OrbitState rhs(const OrbitState& state) {

    OrbitState dodt{};

    // dx/dt = vx; dy/dt = vy

    dodt.x = state.vx;
    dodt.y = state.vy;

    // d(vx)/dt = - GMx/r**3; d(vy)/dt = - GMy/r**3

    double r = std::sqrt(state.x * state.x + state.y * state.y);

    dodt.vx = - GM * state.x / std::pow(r, 3);
    dodt.vy = - GM * state.y / std::pow(r, 3);

    return dodt;

}

void write_history(const std::vector<OrbitState>& history) {

    for (const auto& o : history) {
        std::cout
            << std::format("{:11.8f} {:11.8f} {:11.8f} {:11.8f} {:11.8f}\n",
                           o.t, o.x, o.y, o.vx, o.vy);
    }
}

std::vector<OrbitState> integrate(const double a,
                                  const double tmax,
                                  const double dt_in) {

    // how the history of the orbit

    std::vector<OrbitState> orbit_history{};

    // set initial conditions
    OrbitState state{};

    // assume circular orbit on the x-axis, counter-clockwise orbit

    state.t = 0.0;
    state.x = a;
    state.y = 0.0;
    state.vx = 0.0;
    state.vy = std::sqrt(GM / a);

    orbit_history.push_back(state);

    double dt = dt_in;

    // integration loop
    while (state.t < tmax) {

        // if the final dt step takes us past our stopping time
        // (tmax), cut the timestep
        if (state.t + dt > tmax) {
            dt = tmax - state.t;
        }

        // get the derivatives
        auto state_derivs = rhs(state);

        // update the state
        state.t += dt;
        state.x += state_derivs.x * dt;
        state.y += state_derivs.y * dt;
        state.vx += state_derivs.vx * dt;
        state.vy += state_derivs.vy * dt;

        orbit_history.push_back(state);
    }

    return orbit_history;

}

int main() {

    double tmax = 1.0;
    double dt = 0.05;
    double a = 1.0;      // 1 AU

    auto orbit_history = integrate(a, tmax, dt);
    write_history(orbit_history);

}

Some notes:

  • We make GM a const, since it should not change.
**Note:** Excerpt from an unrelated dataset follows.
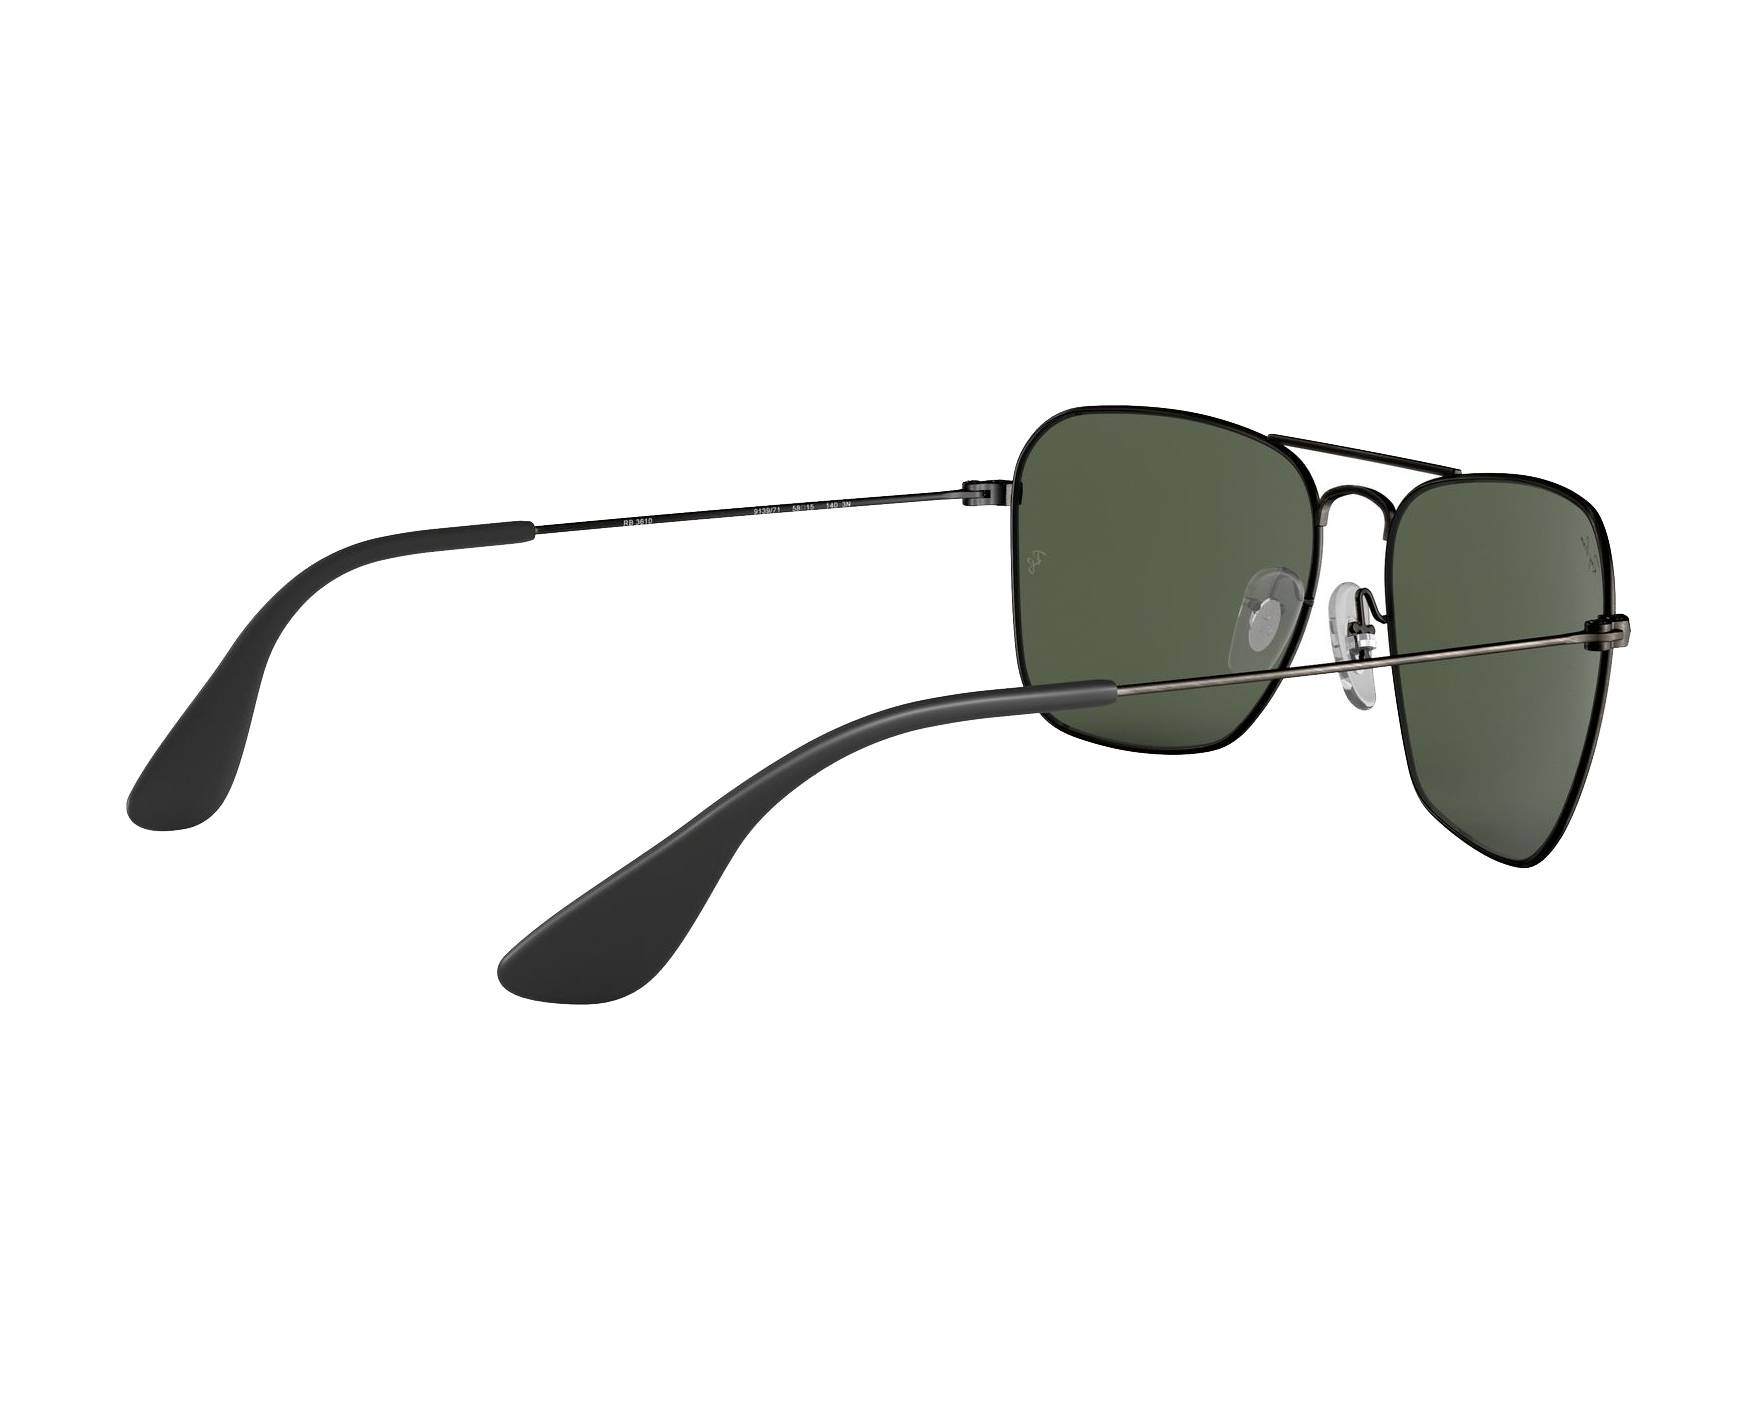 d50103cd8d8 Sunglasses Ray-Ban RB-3610 913971 58-15 Gun 360 degree view 9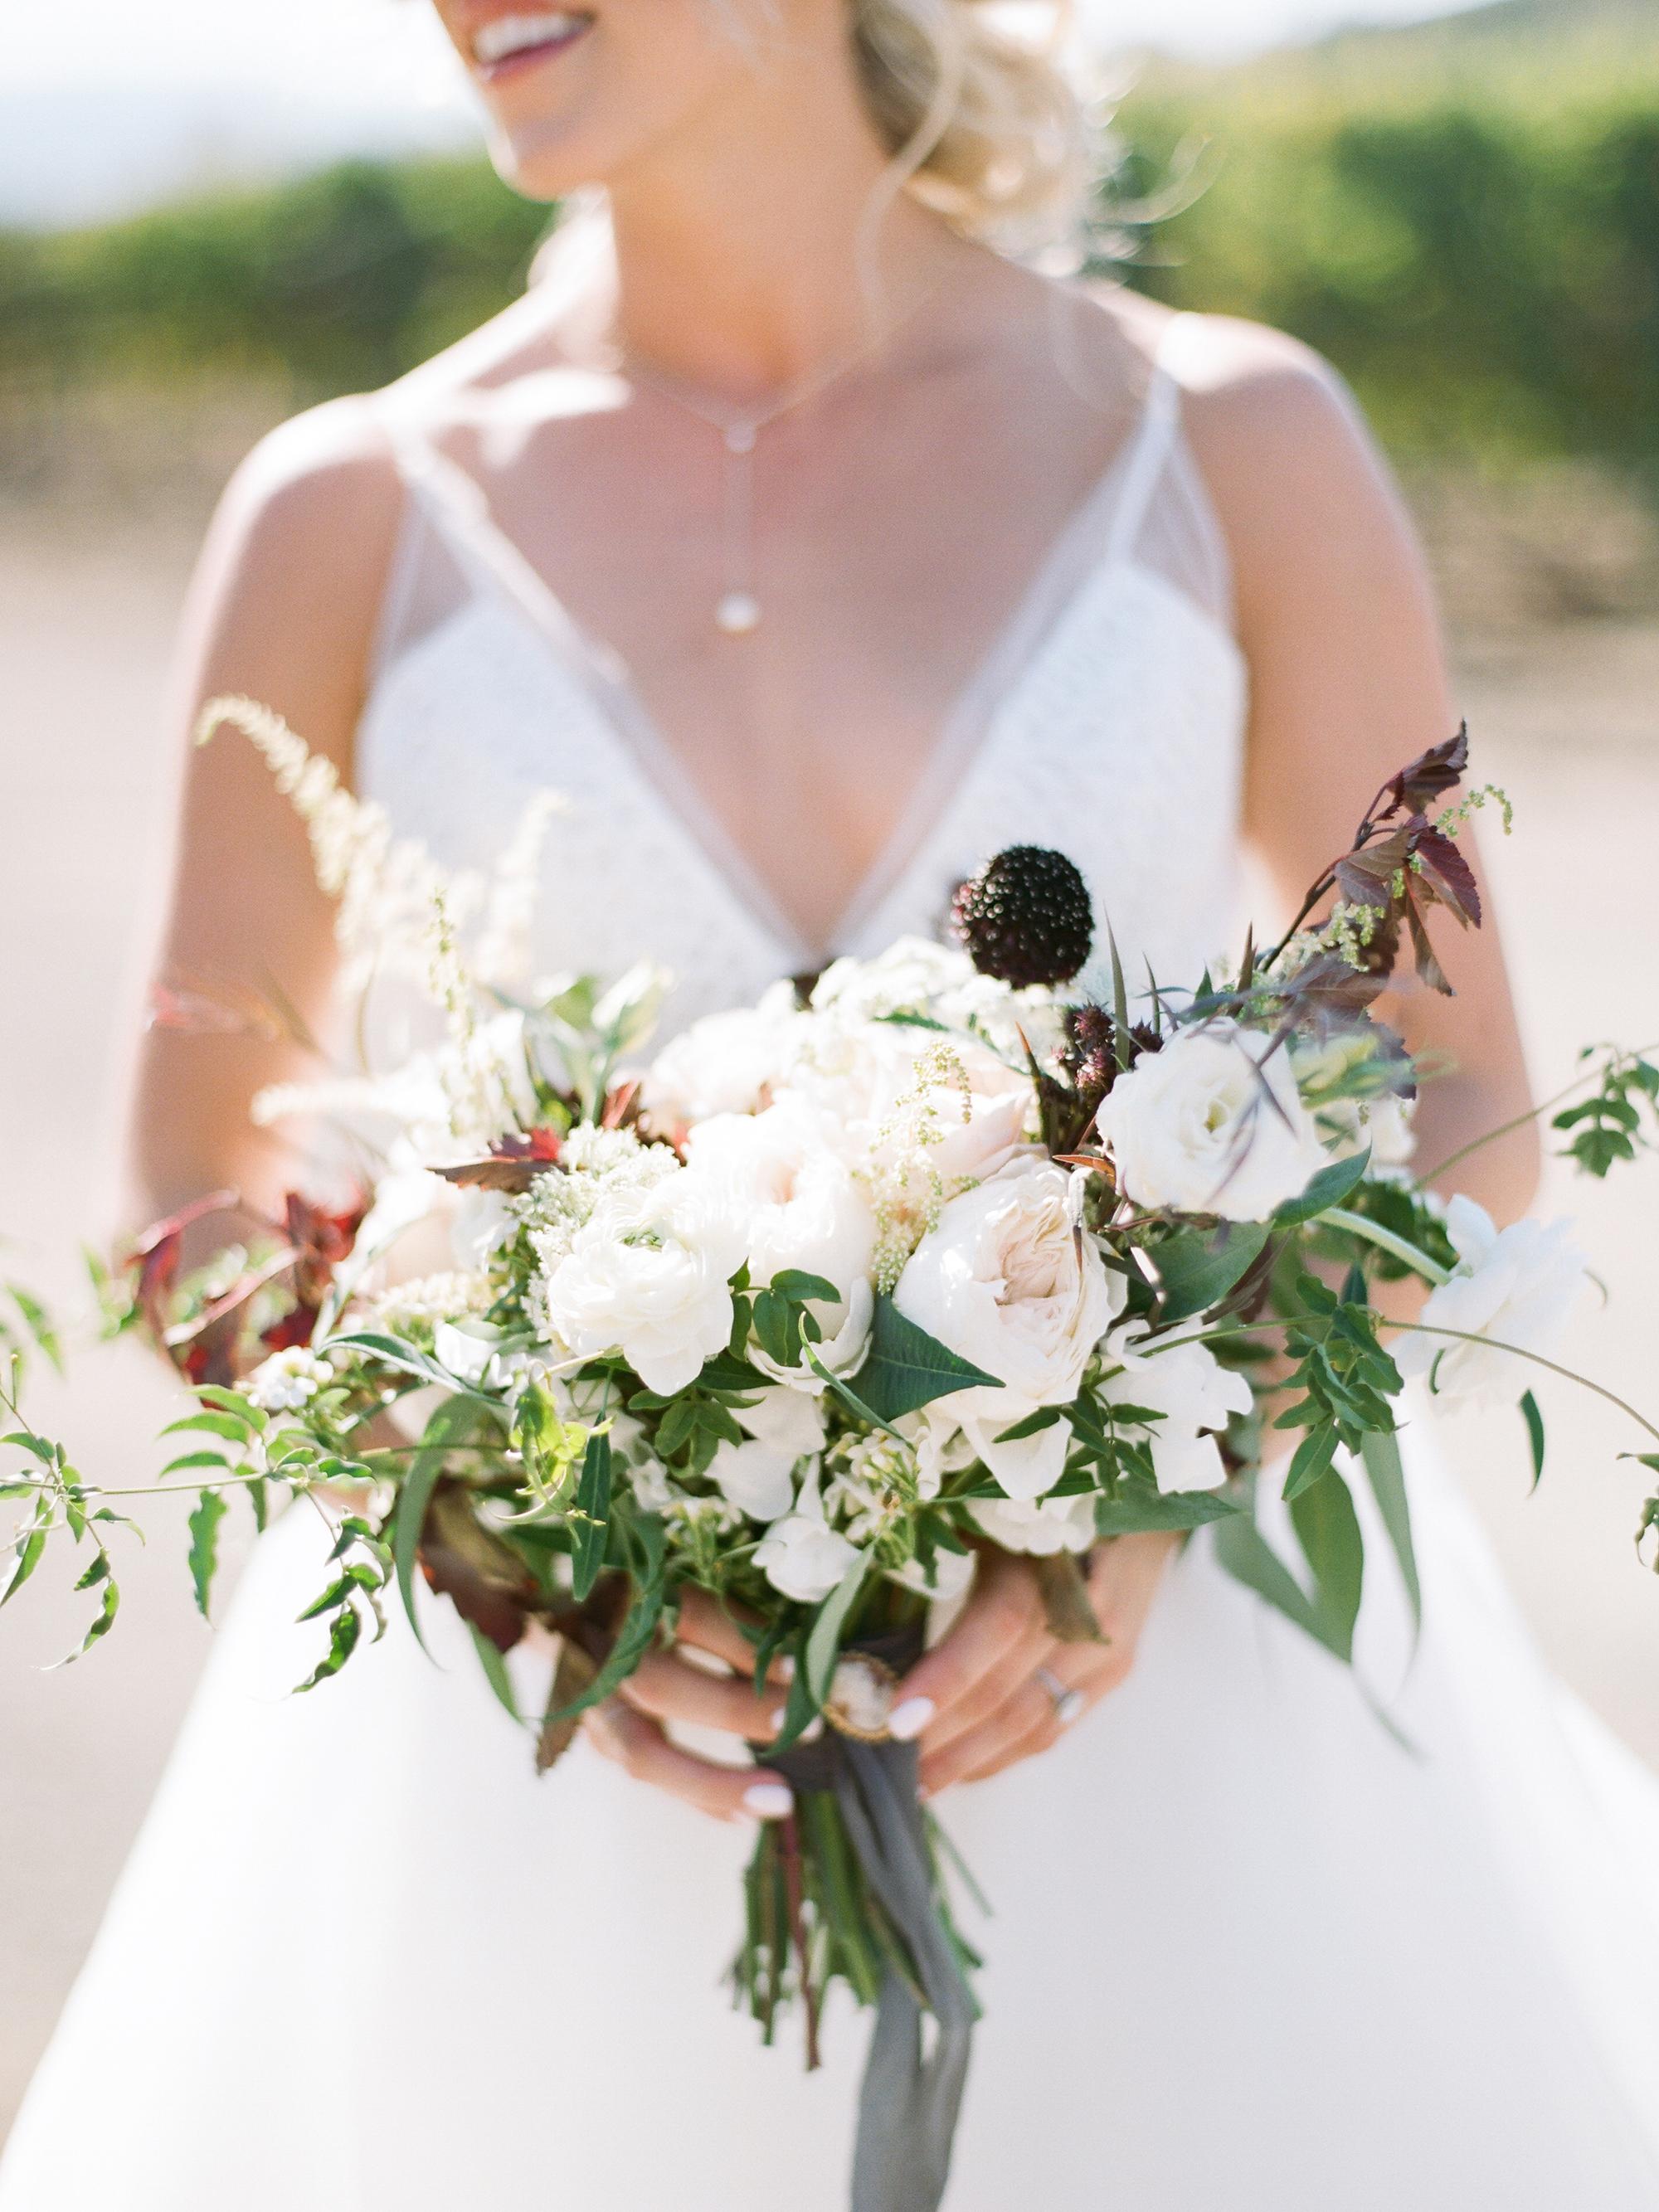 kiersten ruairi wedding bouquet

  • In our integrate function, we create an OrbitState named state. This will hold the current state at the start of each step / loop iteration, and be advanced to the new time at the end of the loop iteration.

    Note that when we do:

    orbit_history.push_back(state);

    We are making a copy of state and storing it in our orbit_history vector.

  • We have a check to ensure that the last step does not take us past the maximum time we want to evolve for:

    if (state.t + dt > tmax) {
    dt = tmax - state.t;
}

Running#

This is setup for Earth (the semi-major axis is 1 AU), and to integrate for 1 year. After this time, the Earth should be right back where it started. Any difference in the final position from the initial position is integration error.

From our method, we expect that the error will decrease by a factor of 2 each time we cut the timestep in half.

We control is the timestep. Our default, dt = 0.05 corresponds to 1/20th of a year. The main question is—how small does our timestep need to be to get an acceptable solution?

Plotting#

We can plot the solution using gnuplot.

First, when you run, redirect the output to a file:

./orbit_example > orbit.dat

Now run gnuplot:

gnuplot

Again, we’ll use plot and plot different columns against one another:

set size ratio -1
set xlabel "x"
set ylabel "y"
plot 'orbit.dat' using 2:3 notitle w l

This will make something like:

the GNUplot output window showing the orbit (plotting y vs x). It should be a circle, but instead it really moves far from the center as it orbits.

Tip

We used a new gnuplot command here:

set size ratio -1

This ensures that the aspect ratio of the coordinates is preserved (so a circle will appear as a circle in our plot).

You can save the plot as:

set term png enhanced
set output "orbit.png"
replot

Look how bad this is!!!

We should have a nice circular orbit, but it goes way off a circle and out to much greater distances in the solar system.

The problem here is that our timestep is too large—truncation error is dominating.

try it…

Let’s see how the solution behaves as we cut the timestep.